Executive summary

Applications with language models create a security surface that is different from traditional web flows. The risk is not only in the user's message. It appears in the combination of system instructions, retrieved context, tools, memory, permissions, sensitive data and generated output.

The model should be treated as a non-deterministic component surrounded by deterministic controls. Guardrails are not just text filters; they are decision layers around input, context, tool calls and output.

Trust boundaries

A model flow mixes sources with different trust levels. System instructions are controlled by the application. User input is untrusted. Retrieved documents have variable trust and must be treated as data, not commands. The model output is derived and must be validated before sensitive effects occur.

  • Do not allow retrieved content to redefine policy.
  • Do not allow user text to override system rules.
  • Do not send data to the model before authorization.
  • Do not execute tool calls without deterministic policy checks.

Testing LLM flows

Testing an LLM application requires looking beyond the final answer.

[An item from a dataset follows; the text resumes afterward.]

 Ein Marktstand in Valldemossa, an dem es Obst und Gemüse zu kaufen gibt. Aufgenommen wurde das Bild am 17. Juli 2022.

The flow must be validated from input to tool execution, including retrieved context, memory, authorization and structured output.

  • Insert adversarial instructions into retrieved documents and verify isolation.
  • Request data from another tenant and confirm the block happens before the model.
  • Propose a tool call outside the user's scope.
  • Generate invalid structured output and verify rejection.
  • Confirm memory scope and expiration.
  • Review logs for auditability without exposing sensitive data.

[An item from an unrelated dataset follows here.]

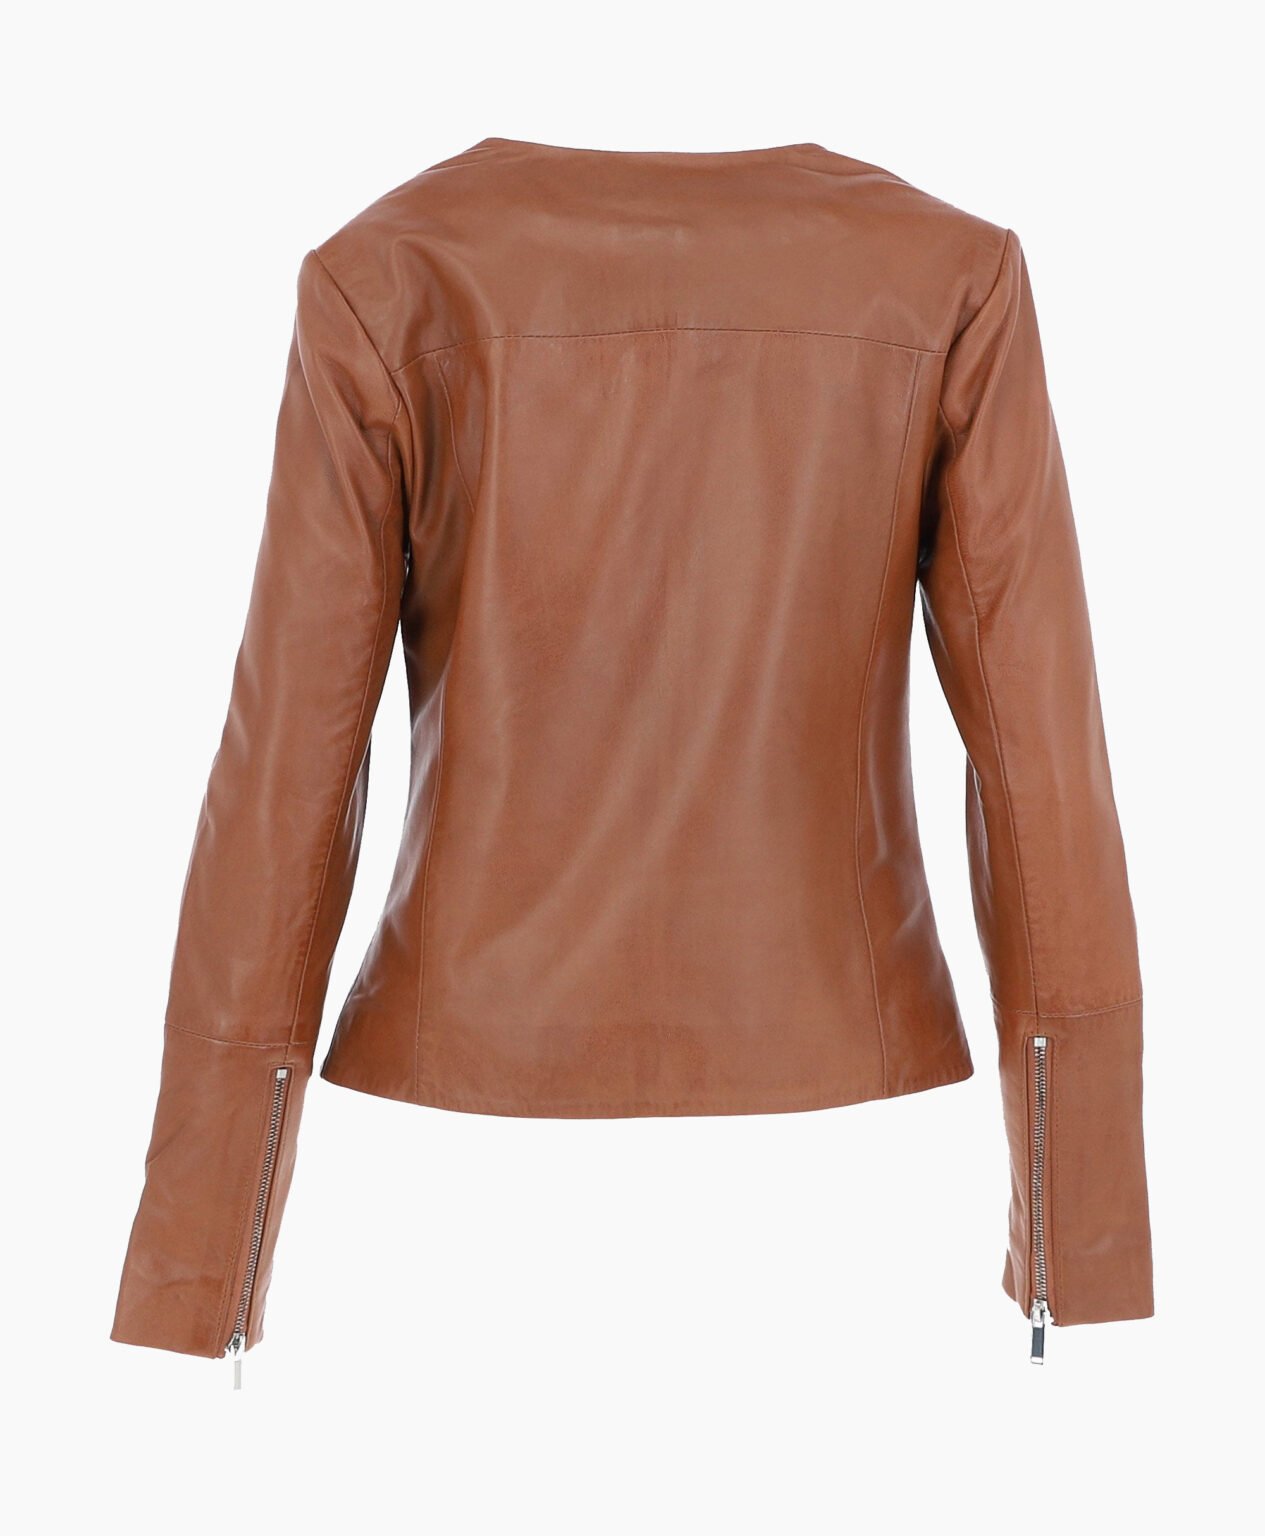 vogue-jacket-leather-fashion-jacket-tan-elizabeth-image202

Tools need their own policy

When a model calls a tool, conversation becomes execution. Authorization must happen outside the model with deterministic rules. The model may propose an action; the application decides whether the user, tenant, resource and state allow that action.

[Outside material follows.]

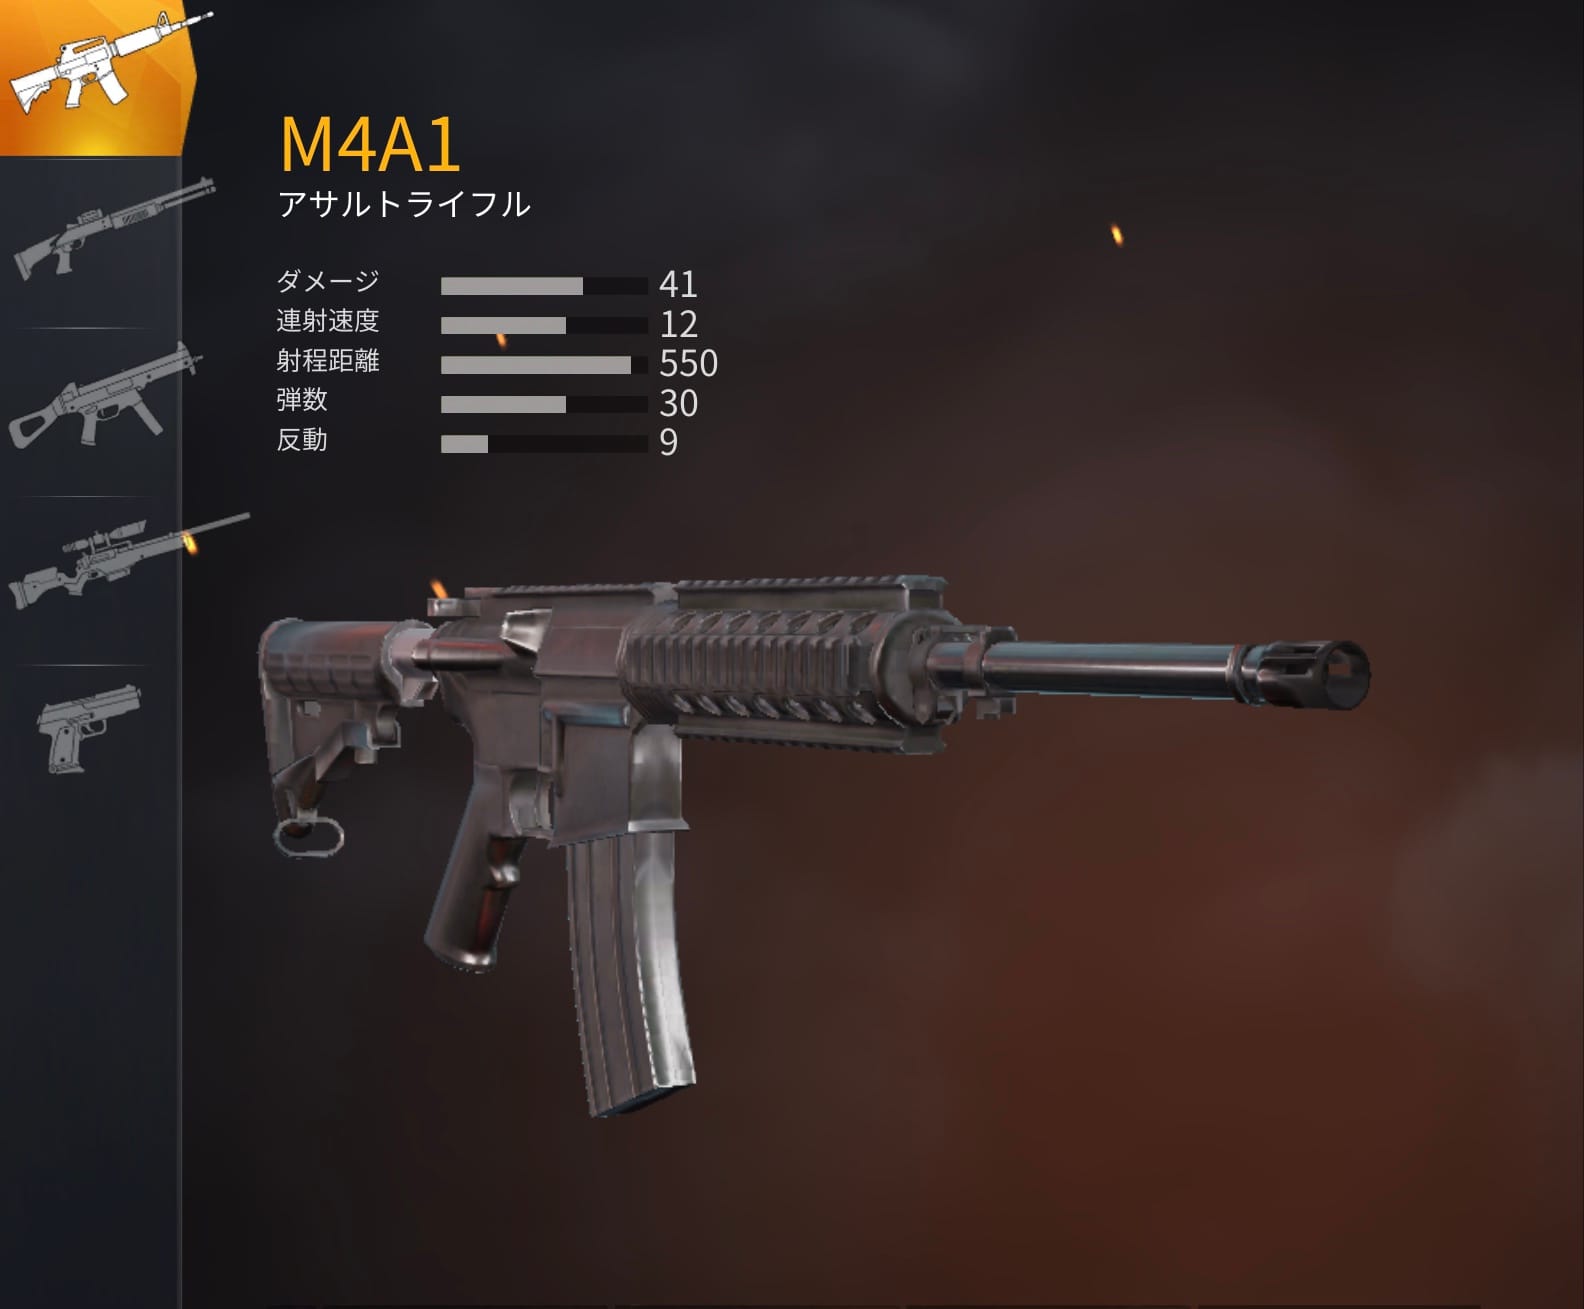 The定番武器M4A1

This separation prevents well-written instructions from becoming operational privilege.

Memory and retention

Memory improves experience but increases risk. It must have scope, retention and sensitivity classification. Data from one tenant cannot influence another. Sensitive information should not be persisted unless necessary and governed.

Conclusion

Security for LLMs is architecture around the model. Input, context, tools, memory and output need boundaries, authorization, validation and audit. The model can interpret language, but the application must remain responsible for data and actions.